Hi,
I have a host which will not reconnect to vCenter. When I attempt to stop and restart hostd I receive the following error;
watchdog-hostd: PID file /var/run/vmware/watchdog-hostd.PID does not exist
watchdog-hostd: Unable to terminate watchdog: No running watchdog process for hostd
sh: cannot kill pid 2833: No such process
and of course hostd still shows as running.
I have VMs running on this host and if possible need to recover without affecting there current state
Any suggestions?
Thanks
Hi,
look at that.
Frank
You can try to kill the process and restart it using SSH or the local console
Hi,
Thanks for the reply. I have already tried to restart the services via SSH. The response, is posted within my initial query.
Also the .PID files do not exist.
Thanks
Mike
Have you tried to manually stop it with the kill command?
Yes - sh: cannot kill pid 2833: No such process
But this is the ID that you see with ps command?
It is the ID returned from the following command, yes
~ # ps -g | grep hostd
8780146 8780146 nssquery 8780146 8853869 /usr/libexec/hostd/nssquery
2833 2833 hostd-worker 2833 2833 hostd
2985 2985 nssquery 2985 2833 /usr/libexec/hostd/nssquery
126057 2833 hostd-worker 2833 2833 hostd
Have you tried with 126057?
Same response I'm afraid
I will add that this appears to be the result of some iSCSI storage changes. The host still has access to the targets but some of the LUNs were removed from the target. They had been unmounted etc. but following a rescan, the host became disconnected
Hi,
Try this kb Article http://kb.vmware.com/kb/1007261
Hi - tried this but the PID files do not exist
Did you manage to kill the hostd process without reboot in the end?
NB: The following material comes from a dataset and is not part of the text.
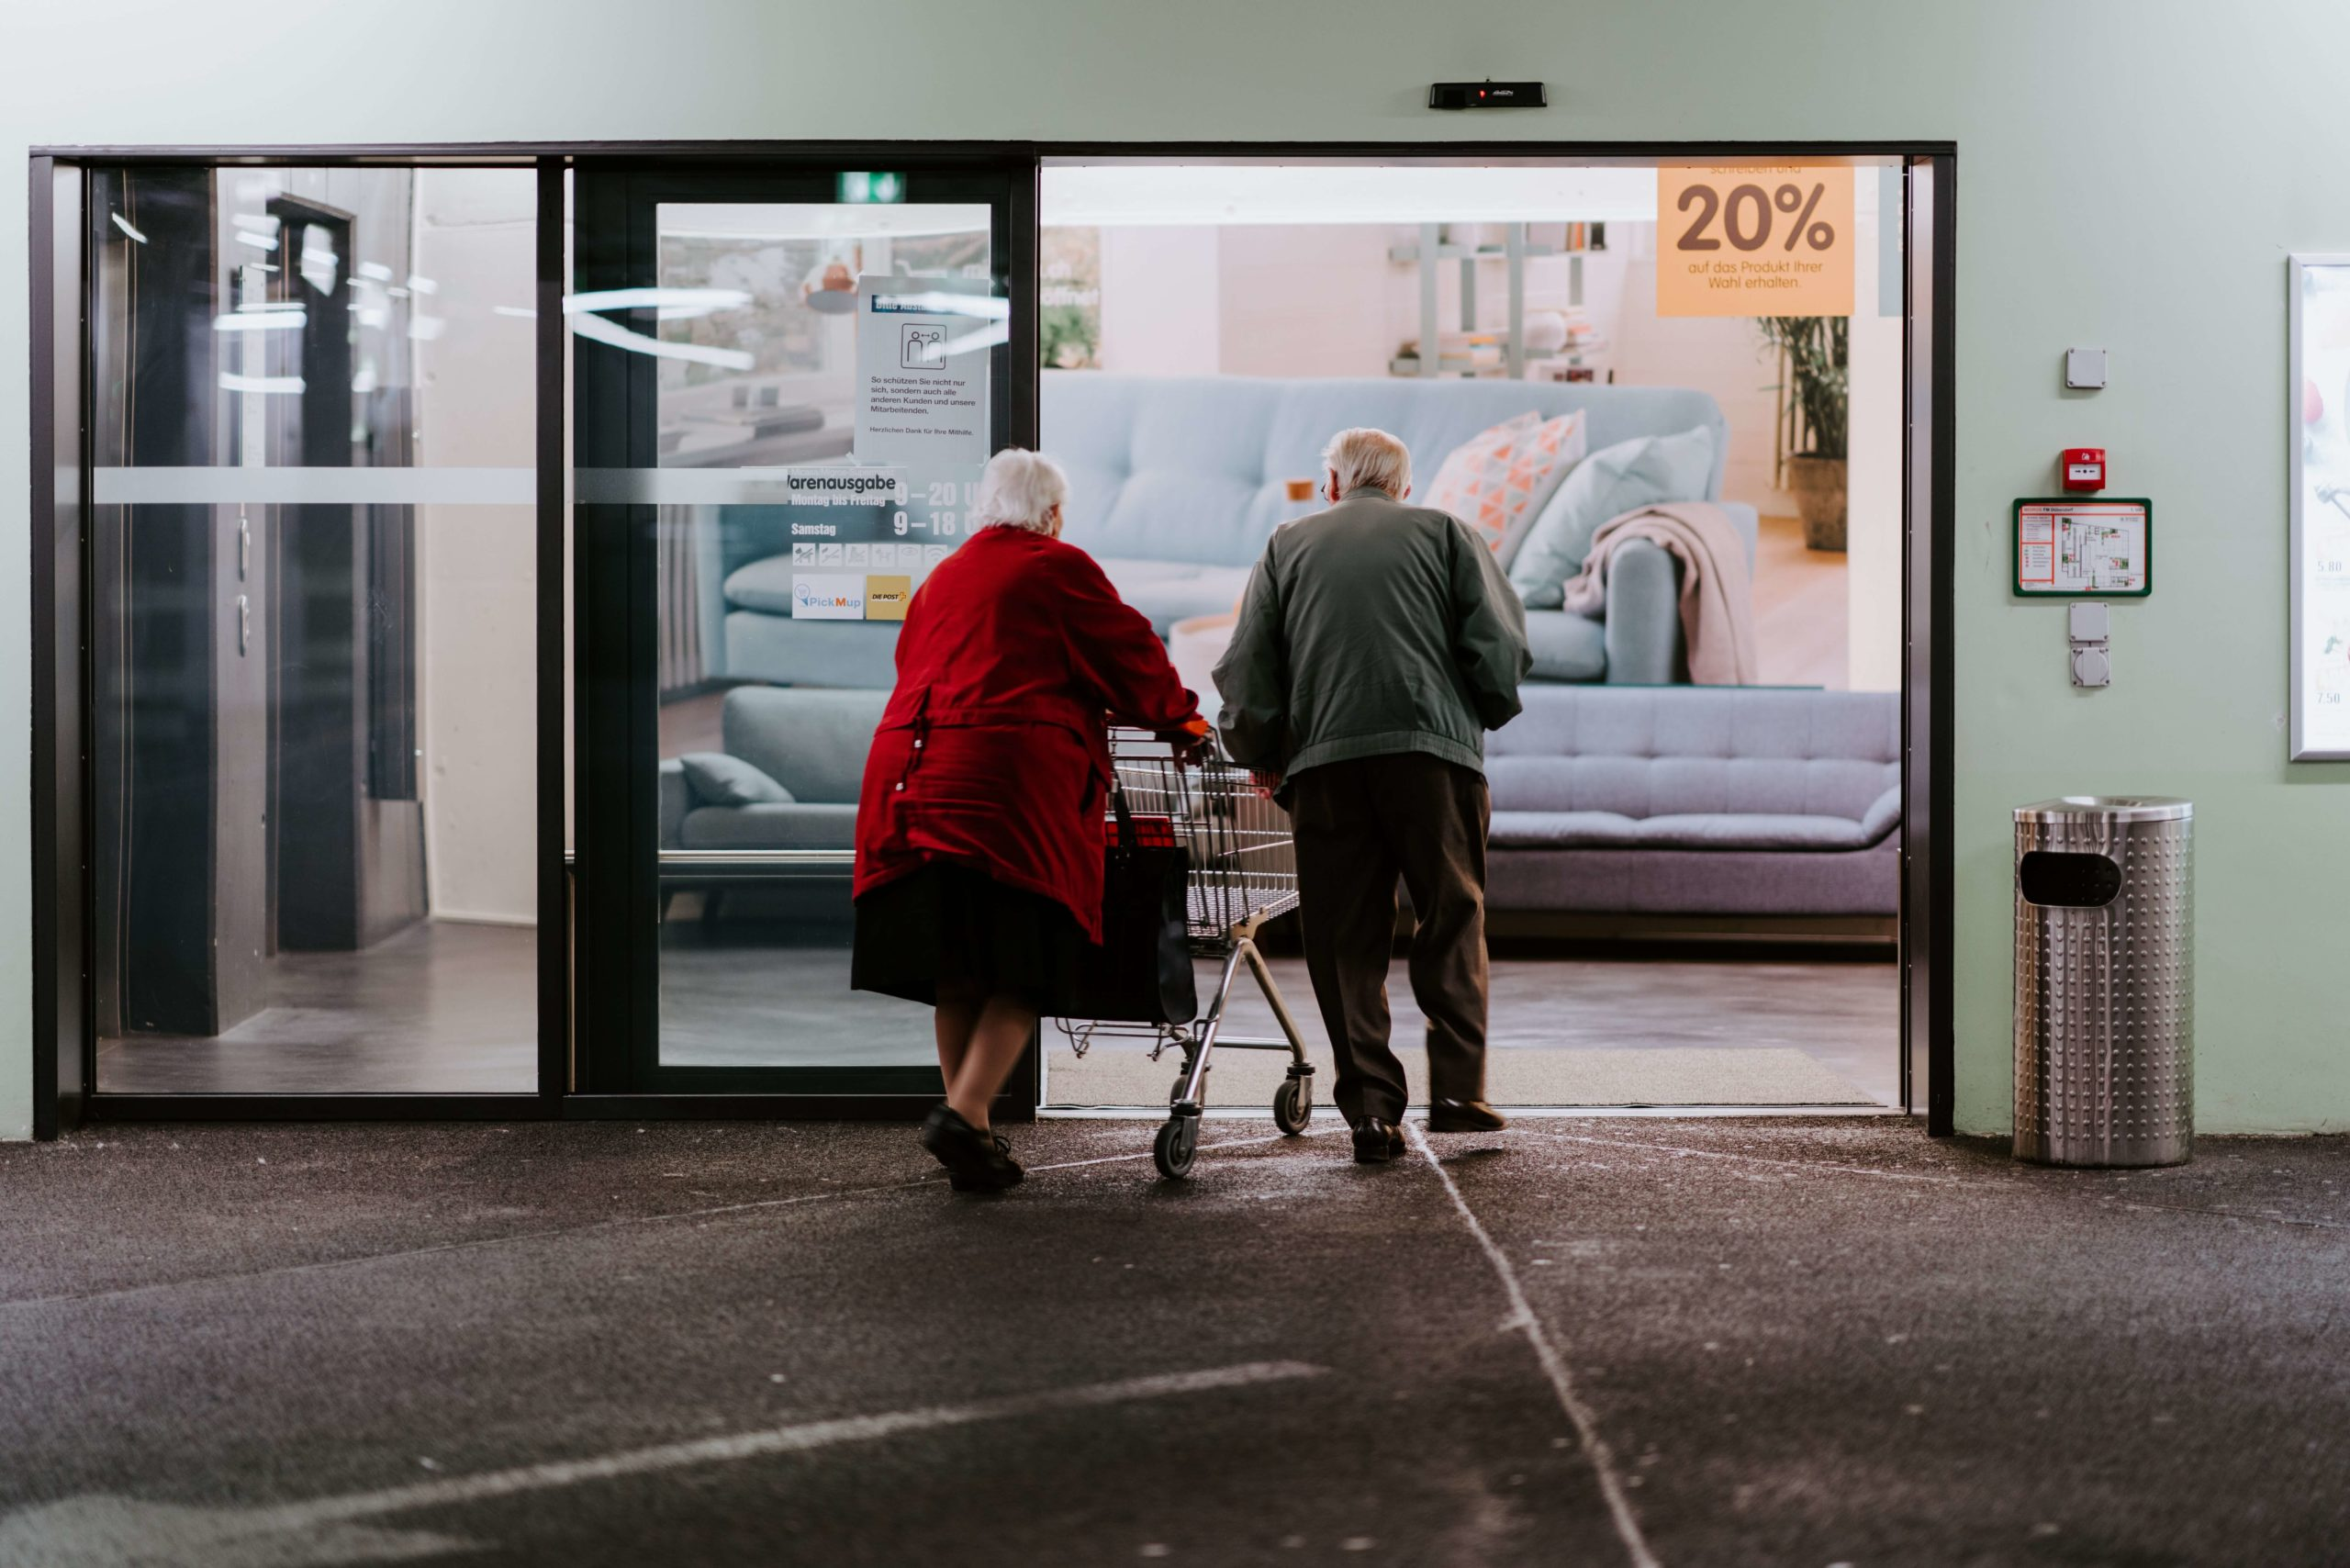 Seniors walking inside a store

I have this exact issue, no connecticity in vcenter to esxi 5.0 hosts (latest patches installed) and when attempting to restart hostd it advises " cannot kill pid 2901: No success process"
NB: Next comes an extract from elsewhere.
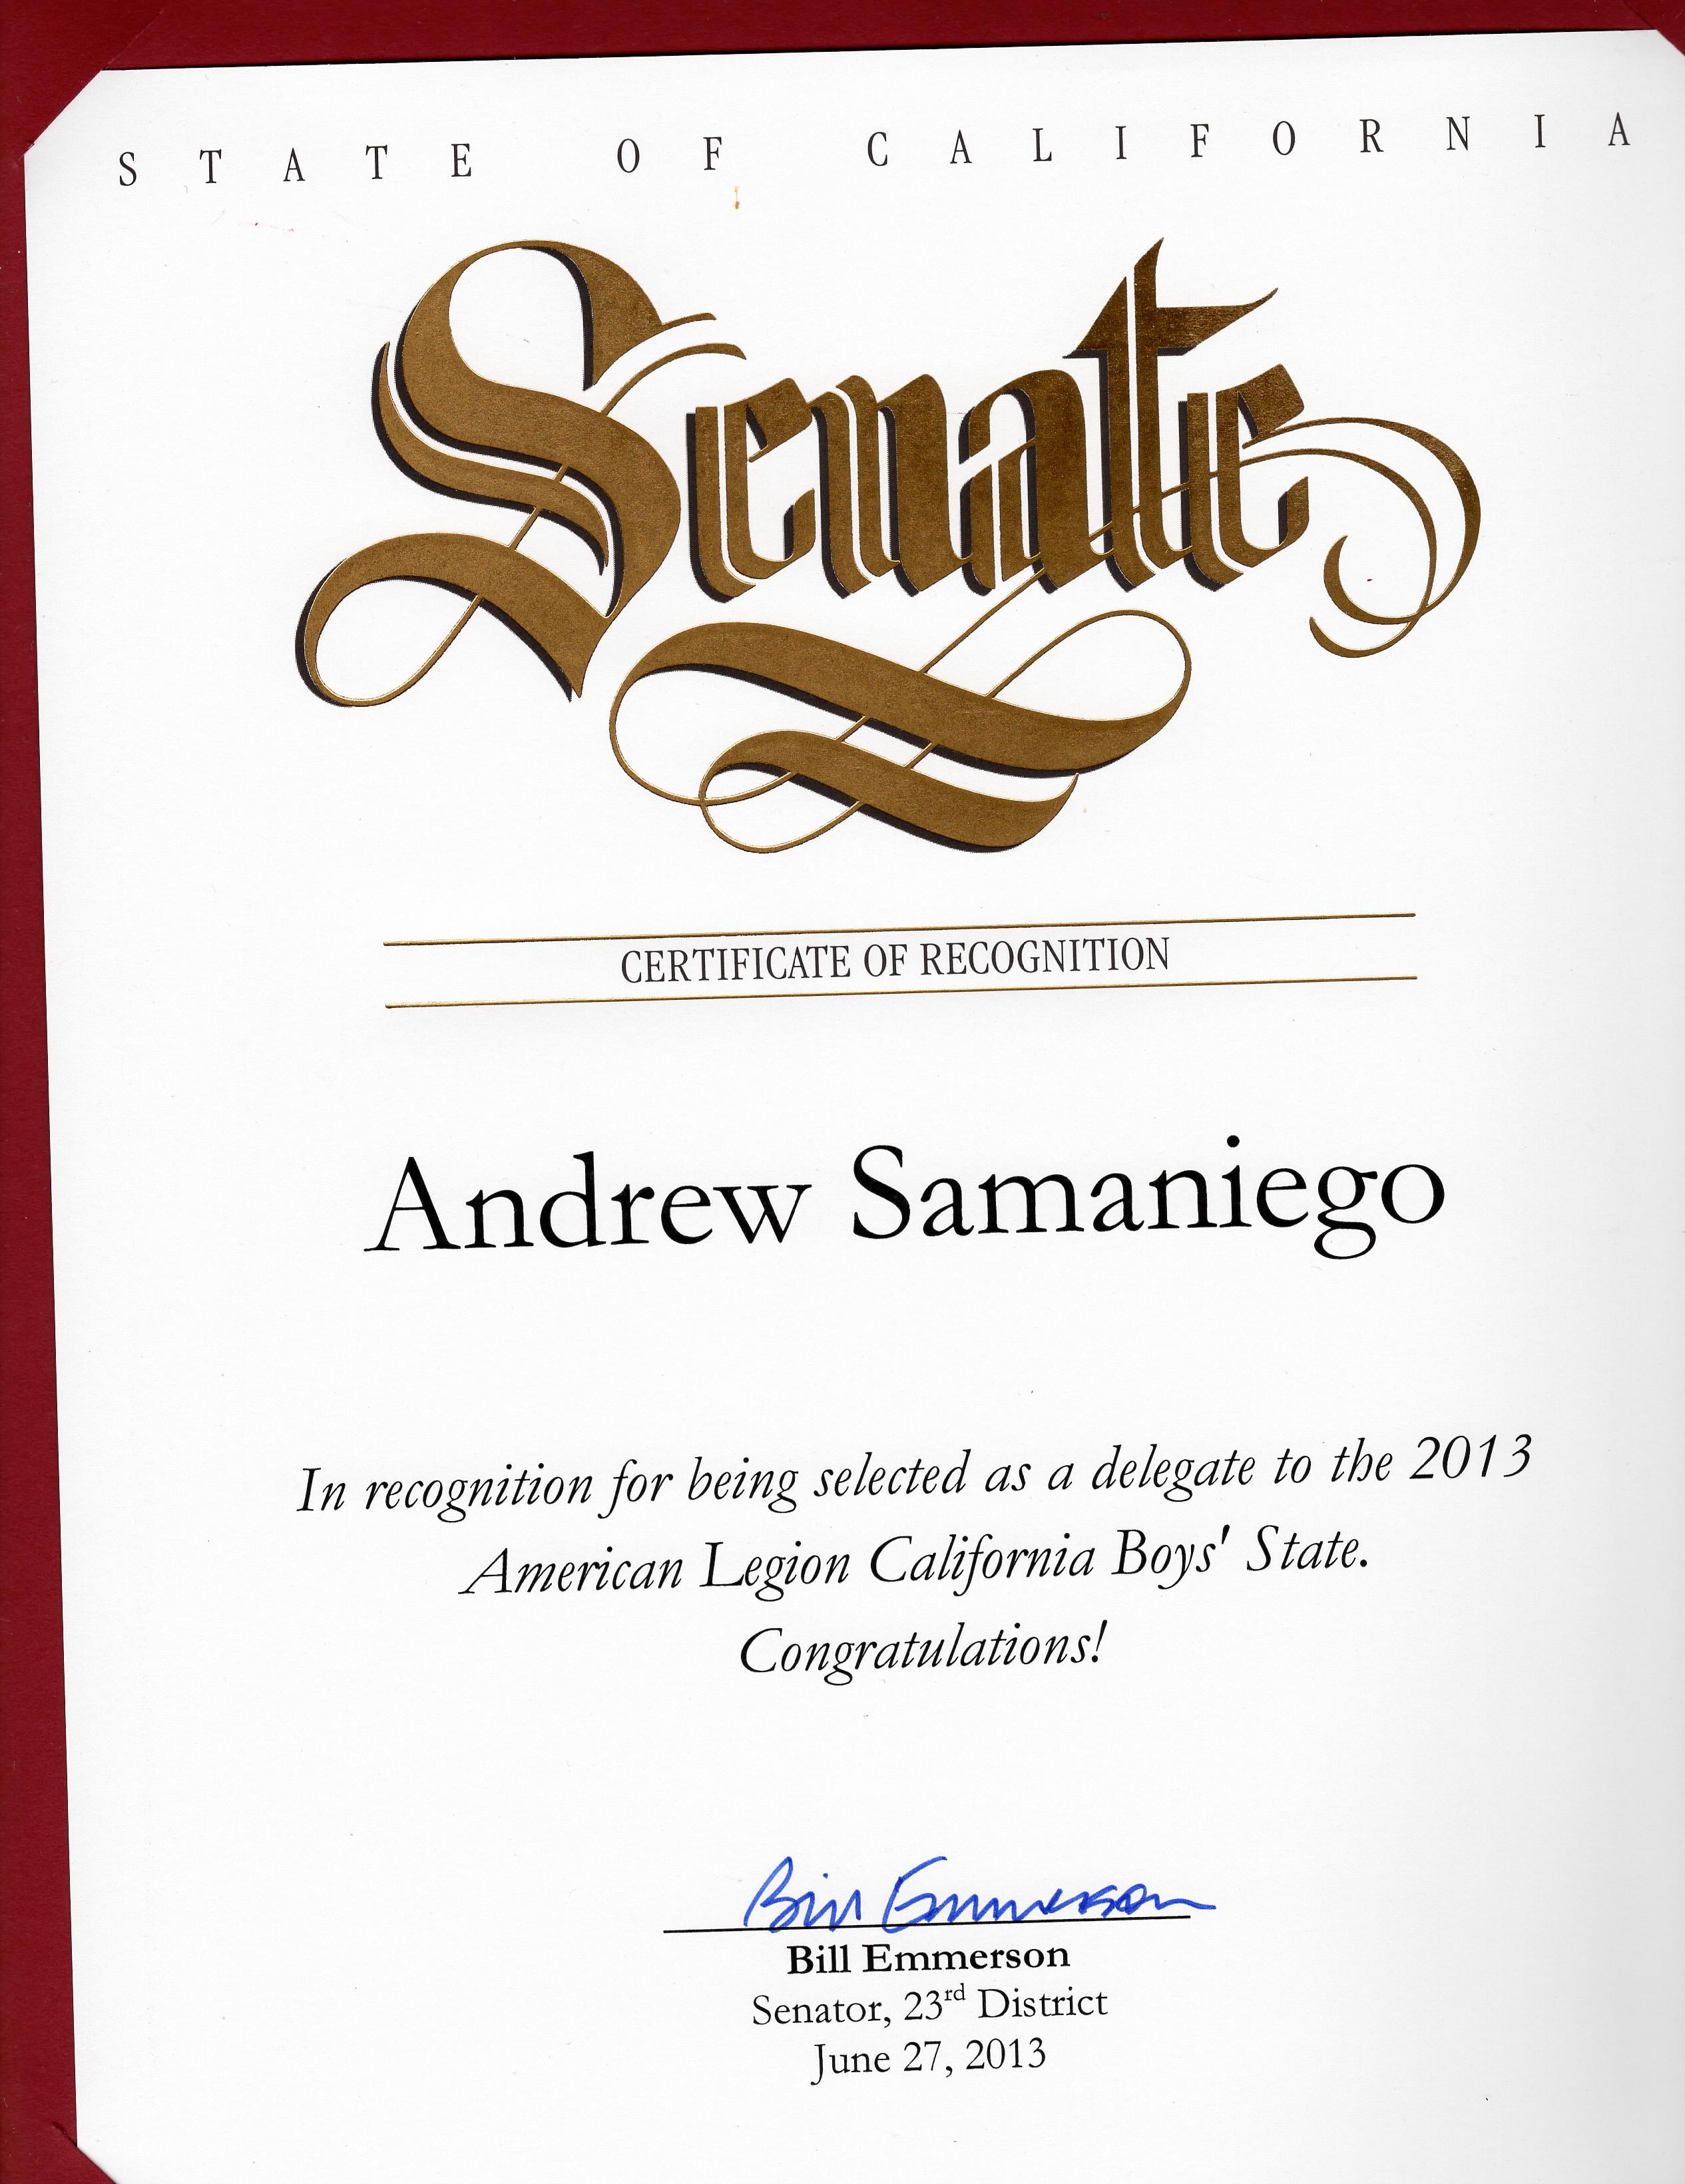 I got to meet my California Senator Emerson

I really cannot reboot these hosts, they are running approx 40 cusomter VM's.
Did someone find a solution for this problem?
is urgently!
In the end after speaking with VMware support we had no option but to re-install the host.
Our issue was caused by incorrect procedure for removing iSCSI based storage
Ok, you make me nervous.
We talk about 4 host and round about 150 VMs.
We got new storage (1TB LUN) with the VMFS5 format.
After the migrate of the vm's from the old to the new LUN, we unmount and extinguished the LUN over the vCenter. After a rescan of HBA and LUN, the hosts lost 2-3 hours later the connections.
I see dead LUNs at the host (esxcfg-mpath -L | grep dead).